No caso da humanidade, não é nada harmonioso seu momento atual: as culturas se misturam cada vez mais e as diferenças incomodam a todos. Cada lado tem suas razões e seguirá lutando por elas. Até quando? Até o ponto em que a humanidade, como um todo, reconhecer e integrar suas próprias diferenças, aumentando a compreensão do que ela é. Dessa forma, o que antes era feio, errado e ameaçador, passa a ser visto como pertencente à cultura humana.
Para superar sua crise, assim como qualquer um de nós, a humanidade precisaria tornar-se mais transparente para si mesma. E é justamente o que acontece agora. Graças ao intenso entrelaçamento das culturas e ao fortalecimento da democracia, a humanidade tem hoje um grau inédito de autoconhecimento e isso impede que ela minta para si própria com antes fazia. Num mundo cada vez mais interconectado, essa transparência nos faz perder o medo daquilo que antes nos ameaçava do canto escuro da nossa própria ignorância sobre quem somos. A humanidade torna-se, a cada dia, uma humana unidade.
Tornar-se uno… Eis um processo doloroso. Mas cada um de nós já passou por isso: na infância a psique é uma massa inconsciente que aos poucos agrupa seus próprios conteúdos dispersos e forma o ego, a noção de eu. Depois de criado, a esse eu caberá a tarefa de continuar organizando-se vida afora sempre que novos elementos inconscientes surgirem à consciência. Na psicologia junguiana isso se chama processo de individuação, que significa tornar-se um “in-divíduo”, ou seja, uma totalidade autoconsciente e não dividida.

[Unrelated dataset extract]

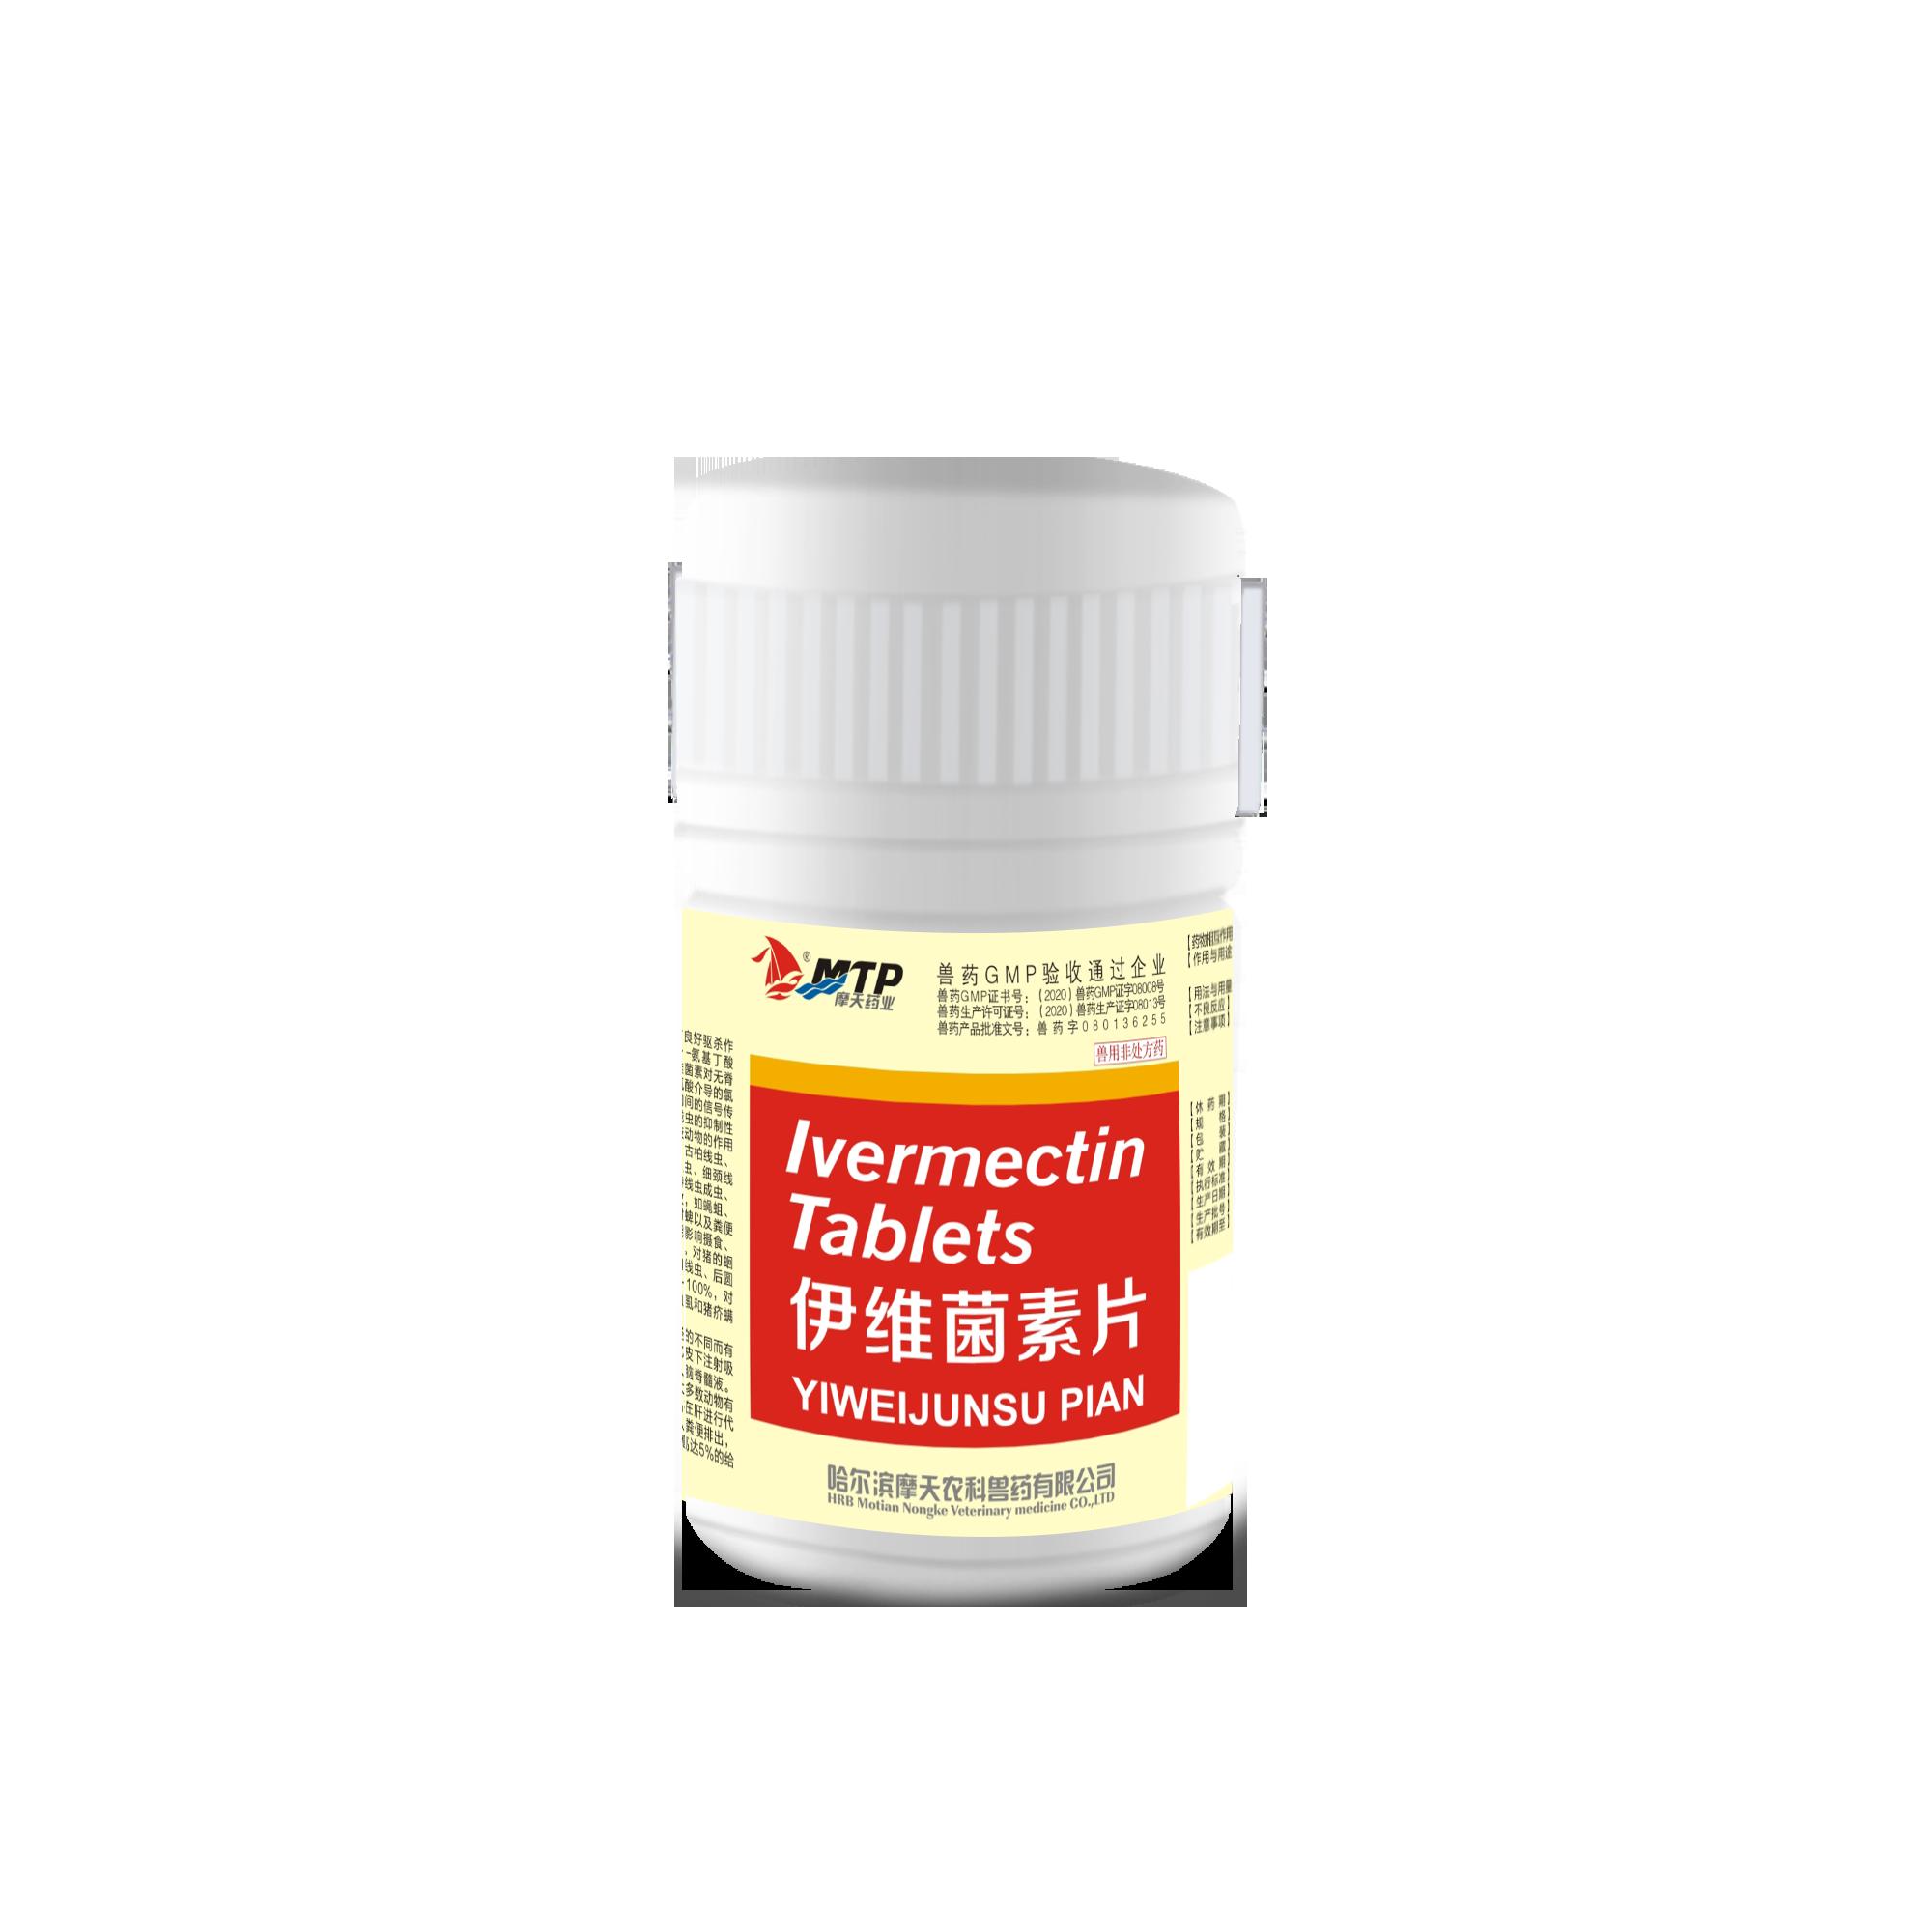 伊維菌素片

É aqui onde mora o motivo para otimismo: os acontecimentos mostram que a humanidade está se unificando, unindo seus opostos. Sua noção de eu está se ampliando. Sim, há focos de resistência, como a xenofobia e os preconceitos raciais e sexuais, mas isso faz parte do processo. O multiculturalismo e um novo senso de cidadania, a cidadania global, cada vez mais se impõem frente a percepções limitadas sobre quem somos.
Se a humanidade de hoje fosse a uma consulta, seu psicólogo seguiria junto com ela pelas dores da crise, sim, mas por dentro sorriria esperançoso. Como certamente Jung faria.